-- Material provided follows --

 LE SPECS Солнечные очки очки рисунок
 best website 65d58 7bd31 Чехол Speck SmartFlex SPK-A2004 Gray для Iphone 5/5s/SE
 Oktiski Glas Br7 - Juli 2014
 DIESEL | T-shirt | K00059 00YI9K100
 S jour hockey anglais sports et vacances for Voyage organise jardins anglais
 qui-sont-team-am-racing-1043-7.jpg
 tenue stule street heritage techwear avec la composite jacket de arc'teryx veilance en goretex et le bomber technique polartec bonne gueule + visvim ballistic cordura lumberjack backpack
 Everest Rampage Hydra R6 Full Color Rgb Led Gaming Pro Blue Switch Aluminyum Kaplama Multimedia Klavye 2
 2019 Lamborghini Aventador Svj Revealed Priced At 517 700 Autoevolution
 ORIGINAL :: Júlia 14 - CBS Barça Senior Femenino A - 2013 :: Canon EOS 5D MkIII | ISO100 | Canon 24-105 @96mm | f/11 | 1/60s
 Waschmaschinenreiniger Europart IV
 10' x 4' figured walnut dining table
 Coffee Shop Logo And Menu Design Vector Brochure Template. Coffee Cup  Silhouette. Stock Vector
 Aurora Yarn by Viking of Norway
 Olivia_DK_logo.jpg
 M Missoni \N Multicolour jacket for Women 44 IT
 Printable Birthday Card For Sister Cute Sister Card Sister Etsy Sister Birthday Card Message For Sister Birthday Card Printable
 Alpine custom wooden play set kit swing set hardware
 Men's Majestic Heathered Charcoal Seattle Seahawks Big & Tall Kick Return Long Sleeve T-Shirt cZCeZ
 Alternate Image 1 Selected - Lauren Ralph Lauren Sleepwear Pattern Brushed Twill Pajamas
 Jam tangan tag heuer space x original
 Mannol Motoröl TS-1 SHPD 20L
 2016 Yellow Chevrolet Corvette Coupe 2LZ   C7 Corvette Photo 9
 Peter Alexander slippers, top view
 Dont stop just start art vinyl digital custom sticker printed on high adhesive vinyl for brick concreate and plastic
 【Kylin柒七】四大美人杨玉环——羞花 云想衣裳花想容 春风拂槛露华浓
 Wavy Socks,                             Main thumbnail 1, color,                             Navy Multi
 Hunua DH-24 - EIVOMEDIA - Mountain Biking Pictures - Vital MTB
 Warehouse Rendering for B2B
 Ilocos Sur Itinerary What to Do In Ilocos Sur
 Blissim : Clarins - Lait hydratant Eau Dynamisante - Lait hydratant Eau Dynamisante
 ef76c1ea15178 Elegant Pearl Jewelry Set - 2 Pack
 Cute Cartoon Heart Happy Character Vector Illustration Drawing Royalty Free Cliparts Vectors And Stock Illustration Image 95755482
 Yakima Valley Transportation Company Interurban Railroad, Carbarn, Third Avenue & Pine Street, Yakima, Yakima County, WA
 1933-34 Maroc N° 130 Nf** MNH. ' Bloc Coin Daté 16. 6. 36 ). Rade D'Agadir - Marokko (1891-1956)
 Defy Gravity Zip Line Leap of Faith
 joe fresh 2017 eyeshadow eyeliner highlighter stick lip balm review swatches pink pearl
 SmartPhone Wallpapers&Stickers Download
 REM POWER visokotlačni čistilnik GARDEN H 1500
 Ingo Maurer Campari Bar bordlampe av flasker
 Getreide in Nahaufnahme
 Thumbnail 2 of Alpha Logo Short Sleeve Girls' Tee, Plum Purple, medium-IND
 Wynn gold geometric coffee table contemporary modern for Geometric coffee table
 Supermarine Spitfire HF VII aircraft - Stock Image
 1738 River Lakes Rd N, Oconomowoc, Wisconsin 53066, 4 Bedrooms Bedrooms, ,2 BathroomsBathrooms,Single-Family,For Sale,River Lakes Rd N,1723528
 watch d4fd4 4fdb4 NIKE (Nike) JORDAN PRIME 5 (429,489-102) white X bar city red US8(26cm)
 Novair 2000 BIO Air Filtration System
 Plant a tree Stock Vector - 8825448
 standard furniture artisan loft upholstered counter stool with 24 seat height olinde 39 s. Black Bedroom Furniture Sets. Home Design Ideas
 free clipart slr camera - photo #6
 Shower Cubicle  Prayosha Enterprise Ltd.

-- Material provided concluded --

Your reply should be only the count of lines in the entries above that contain the word "Image".

3